The construction and operation of these two lines were to occupy him until his second bankruptcy in 1867 but at the same time as he was working on their construction he was also preparing plans and for far-reaching extensions to the Neath and Brecon Railway. These included extensions from Sennybridge to the Central Wales Line at Llangammarch Wells and a short line to connect the N&BR to the Swansea Vale Railway near Ystalyfera which was later to be constructed (although not by Dickson) as the Swansea Vale and Neath and Brecon Junction Railway. Both of these projects were authorised by Parliament in 1864, but a grandiose plan to extend the N&BR into Swansea and build a central station in the town was rejected in the same session.

In 1863 Dickson started to build St Andrew's Presbyterian church in Swansea for the benefit of the Scottish community in the town. It was completed in 1864 and opened on 12 August.

A renewed attempt to extend the N&BR to Swansea was made in 1864, this time by purchasing the Swansea Canal and building the railway on its banks, but this too failed. Also in 1864 Dickson and others formulated plans to purchase the Oystermouth Railway at Swansea and build a main-line railway alongside it to a deep-water harbour at Mumbles. In pursuit of this goal he acquired the foreshore rights all round Swansea Bay from the Duke of Beaufort in June 1864 and in October reached an agreement with George Byng Morris, the mortgagee in possession, to purchase the Oystermouth Railway. However, his Mumbles Railway & Pier Bill of 1865 failed to win the approval of Parliament.

Further schemes with which Dickson was connected at this period were the Afon Valley Railway of 1865 running up the Afan valley from Port Talbot and the Aberdare & Central Wales Railway of 1866 which was intended to link the N&BR to the Taff Vale Railway at Aberdare and so make the N&BR part of a through route from the north of England to Cardiff as well as to Swansea. Both schemes were successful in obtaining Acts of Parliament but no work was carried out on either. Further attempts to obtain authorisation for a railway to Mumbles and a deep-water harbour and for a central station in Swansea were once again unsuccessful.

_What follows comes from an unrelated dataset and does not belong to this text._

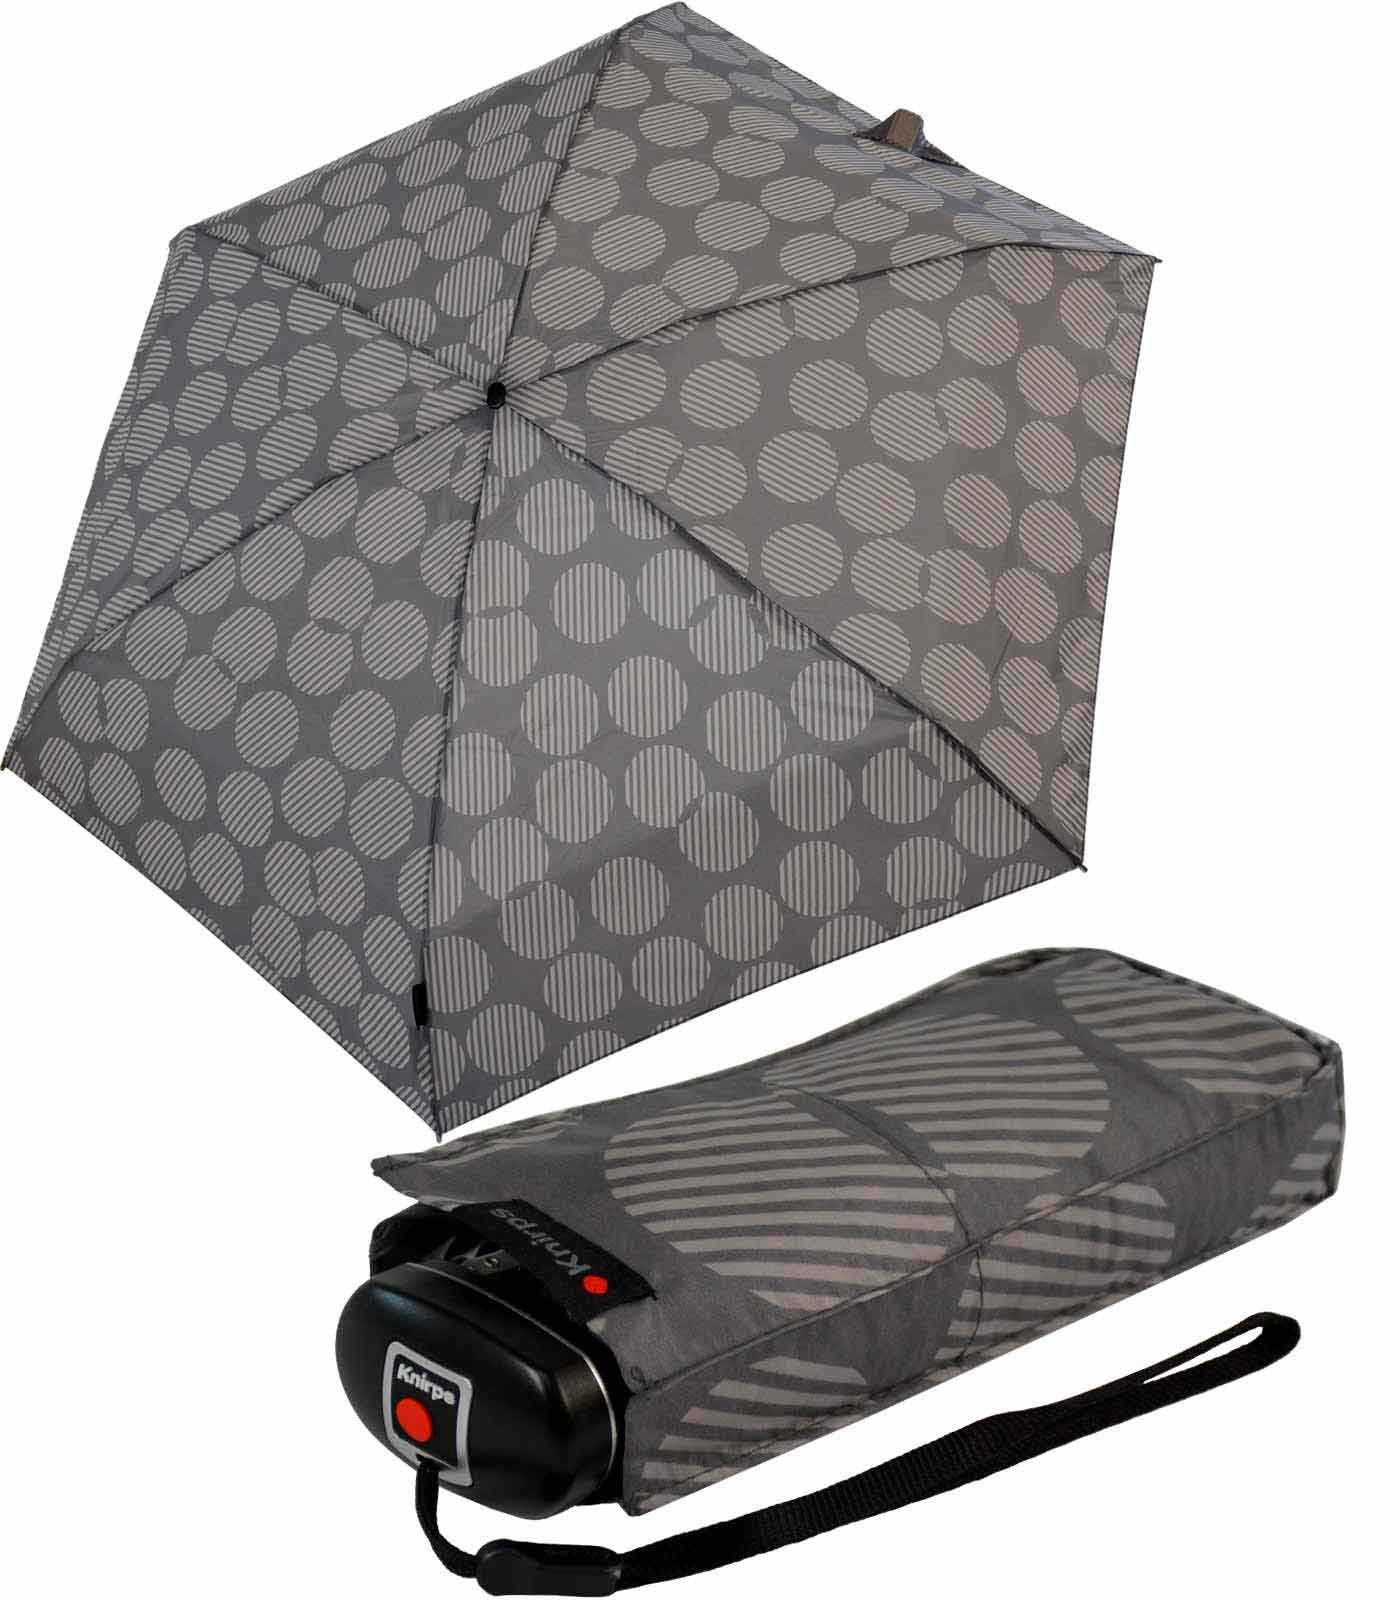 UV-Schutz, Travel klein passt zuverlässige jede der Mini-Schirm Tasche in der Begleiter, leicht kompakt Knirps® Taschenregenschirm

The Anglesey Central Railway was opened in stages between 1864 and 1867. The Neath and Brecon Railway was completed in 1866 and the formal opening took place on 13 September 1866 although regular passenger traffic did not commence until 3 June 1867. Dickson worked the traffic on both lines. A feature of particular interest was his use of the first Fairlie locomotives, Progress and Mountaineer, on the N&BR and of Mountaineer on the ACR. He also made a start on the construction of the line from Sennybridge to Llangammarch Wells but this section was only partly finished when he was made bankrupt for a second time on 9 September 1867 and was never completed. His finances had become overstretched and he was a belated victim of the collapse of the bank of Overend and Gurney in May 1866 which had resulted in the failure of a number of other railway contractors.

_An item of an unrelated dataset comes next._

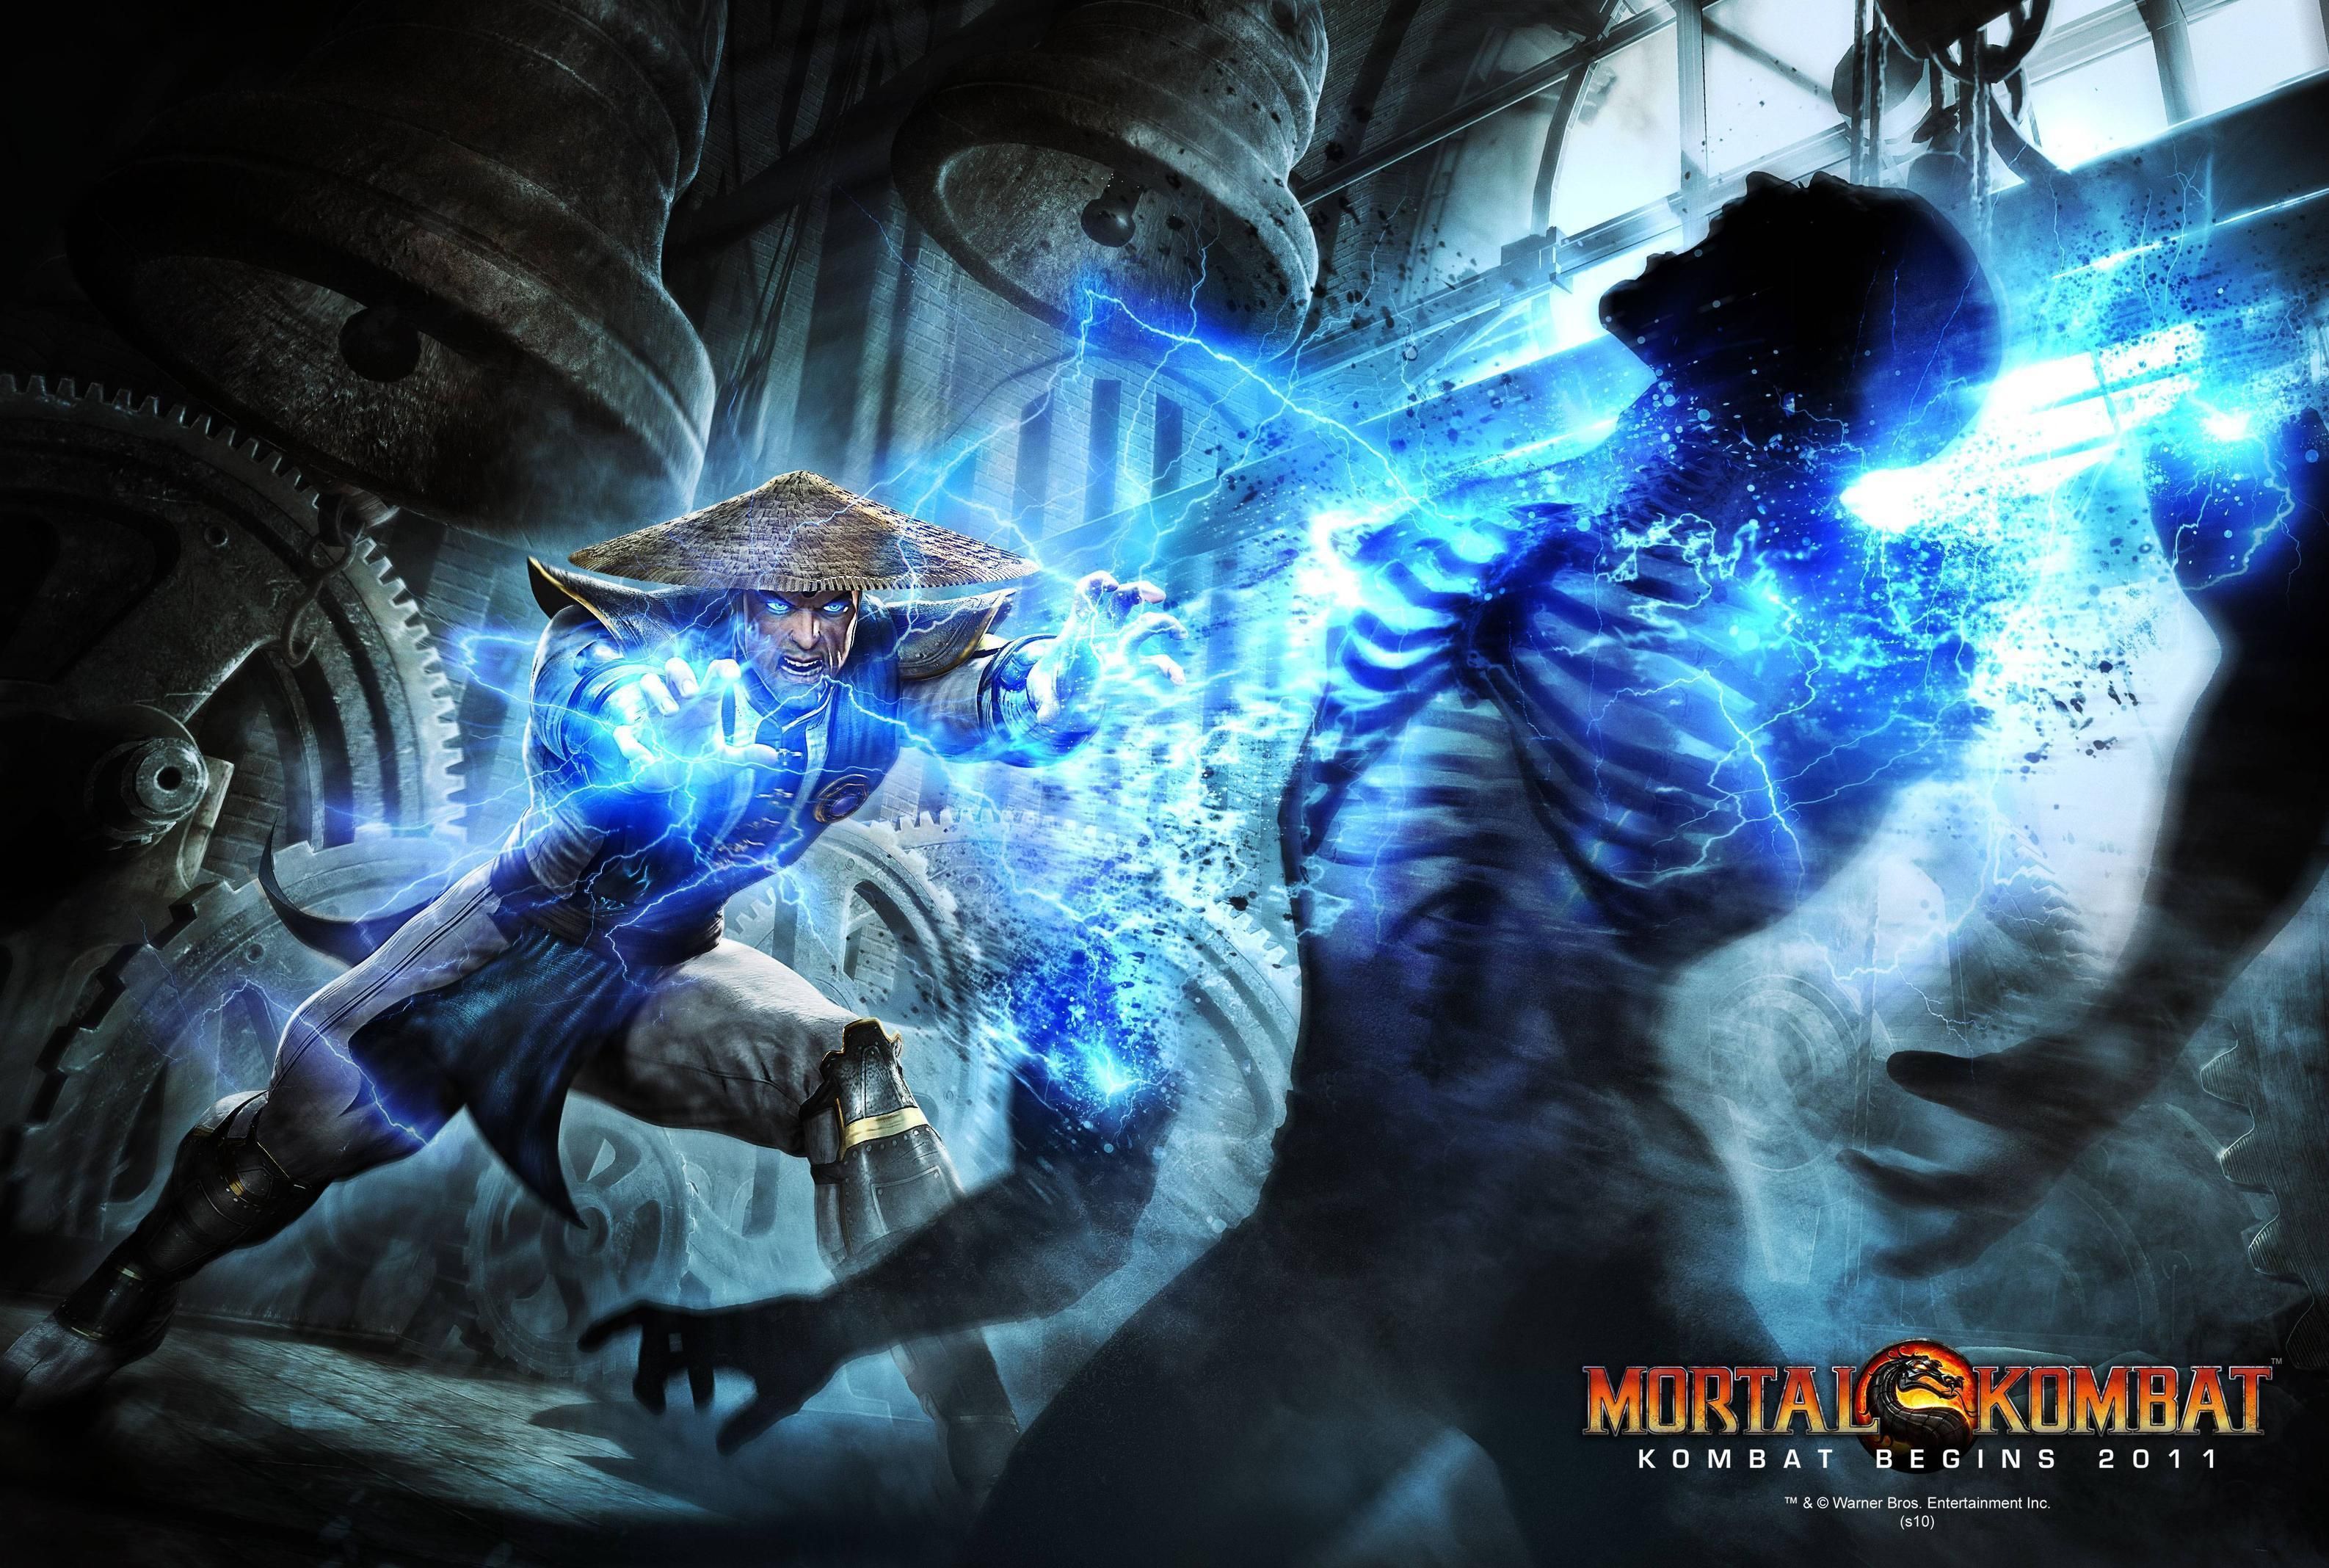 Mortal kombat games .com

==Activities in the north of England (1867-1874)==

Dickson was discharged on 16 March 1868 following which he moved to Liverpool. The reason for this is not clear.

In 1866 Parliament authorised the Whitby Redcar and Middlesbrough Union Railway. No attempt was made to start construction until 1871 when a contract was let to Dickson. He started work in May 1871 but his lack of progress gave rise to concern and in December 1873 he was dismissed from the contract. A report then made by T.E. Harrison, the Engineer of the North Eastern Railway details bridges and viaducts that were badly designed and badly built, inaccurate surveying, poor workmanship, and bad design in general. One three-mile section had been built along the side of the cliffs and had already started to fall into the sea. The viaducts were built to Dickson's own design with tubular wrought-iron piers filled with concrete.

At the same time Dickson was also working on a contract from the Mersey Railway. This company had been incorporated in 1871 with powers to build a railway under the river between Liverpool and Birkenhead. Dickson was awarded a contract to sink shafts to the depth at which the boring of the actual tunnel could be undertaken by the Diamond Boring Machine Co. He started work in April 1872 by sinking a shaft on the Birkenhead side and by March 1873 this shaft had been sunk to full tunnel depth. In November 1873 the Mersey Docks and Harbour Board accepted a tender from Dickson for the enlargement and alteration of the Canada basin and other related works but it is doubtful if any significant progress was made.

It is clear that Dickson was attempting to undertake contracts that were out of proportion to the financial resources that he could command. He was under-capitalised and suffered from cash-flow problems. Not surprisingly, he was declared bankrupt for a third time on 3 December 1874.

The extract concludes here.